Oprah Winfrey has sued three Utah companies over unauthorized use of the TV talk-show hostess' name and image to promote nutritional supplements, and the Illinois attorney general also is suing one of them alleging fraudulent business practices.

The lawsuits involving about 50 entities are a frontal assault by Winfrey on those that have been using her name and that of Mehmet Oz, a doctor who appears frequently on her show, without permission to promote products for colon cleansing and combat aging.

"We know that thousands of people have been misled by these marketing practices," said Marc Rachman, the attorney for Oz and Winfrey and companies that manage their images and trademarks, on Friday. "Oprah.com has received e-mail in the thousands from people who believe Oprah and Dr. Oz are affiliated with these products and have endorsed them when they haven't."

Named in the Winfrey lawsuit are Monavie, the high flying South Jordan company selling a drink based on the açai berry of Brazil; Crush LLC of Sandy; and 456 Vital Health Systems LLC of Spanish Fork.

The attorney general of Illinois also has sued Crush and its parent company, TMP Nevada, alleging violations of that state's consumer fraud and deceptive business practices act.

The Winfrey suit alleges that after Oz, who practices at the Columbia University Medical Center, appeared several times on the show discussing health issues, the defendant companies began to market

products falsely using their names as endorsements.

A top official at Monavie said Friday it was mistakenly put on the list of "Internet scammers" who trade on the reputation of the açai as a health-promoting berry the company makes into a drink product. CFO Devin Thorpe said the company did not promote free trials of products, had a liberal money-back policy and did not say or imply that Winfrey or Oz had endorsed the Monavie açai-based juice.

"We really feel like we're the victims of these Internet scammers every bit as much as Oprah is a victim of them," said Thorpe. "Monavie really created the açai business in the United States ... And it's really [Internet scammers] trading on our good name."

Jason Brailow, a principal officer at Crush and its parent, TMP Nevada, also denied his companies used Winfrey's or Oz's names as an endorsement on the Web sites.

"They thought they were doing something we didn't do," he said.

Brailow also claimed there already was an agreement to drop the lawsuit. But Rachman, the lead lawyer, said he had not had any discussions with Brailow or his company about the lawsuit.

"I haven't discussed anything with Crush LLC," he said. "If I haven't, I don't think anyone else has."

The company 456 Health Systems -- or its related entities FCM Performance Health USA and AEG Partners Ltd. -- could not be reached for comment.

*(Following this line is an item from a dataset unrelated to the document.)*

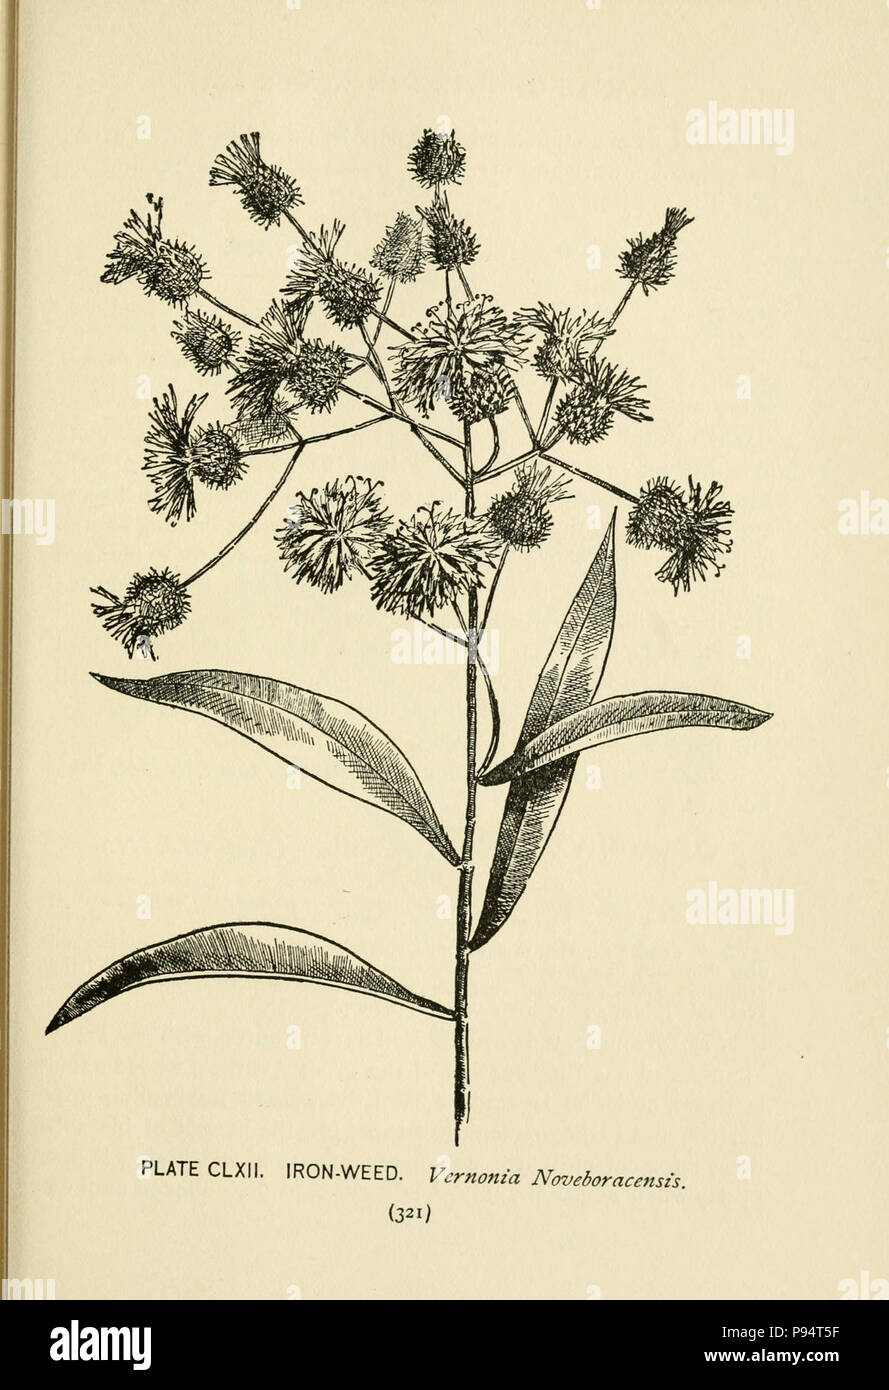 A guide to the wild flowers (Page 321, Plate CLXII) . Stock Photo

Brailow also denied the allegations in the Illinois lawsuit that the company was using deceptive Web pages to lure customers with a "risk-free trial offer" for a sample of the product, then quickly starting to charge customers' credit cards monthly for shipments. Some customers received the samples after the 14-day trial period had ended and were already being charged monthly, while others couldn't reach customer service to cancel their automatic payments, the lawsuit says.

Brailow said almost all customers who wanted their money back have had it returned and that customers can easily reach customer service representatives.

A call to one of the company's toll-free customer numbers was promptly answered Friday afternoon.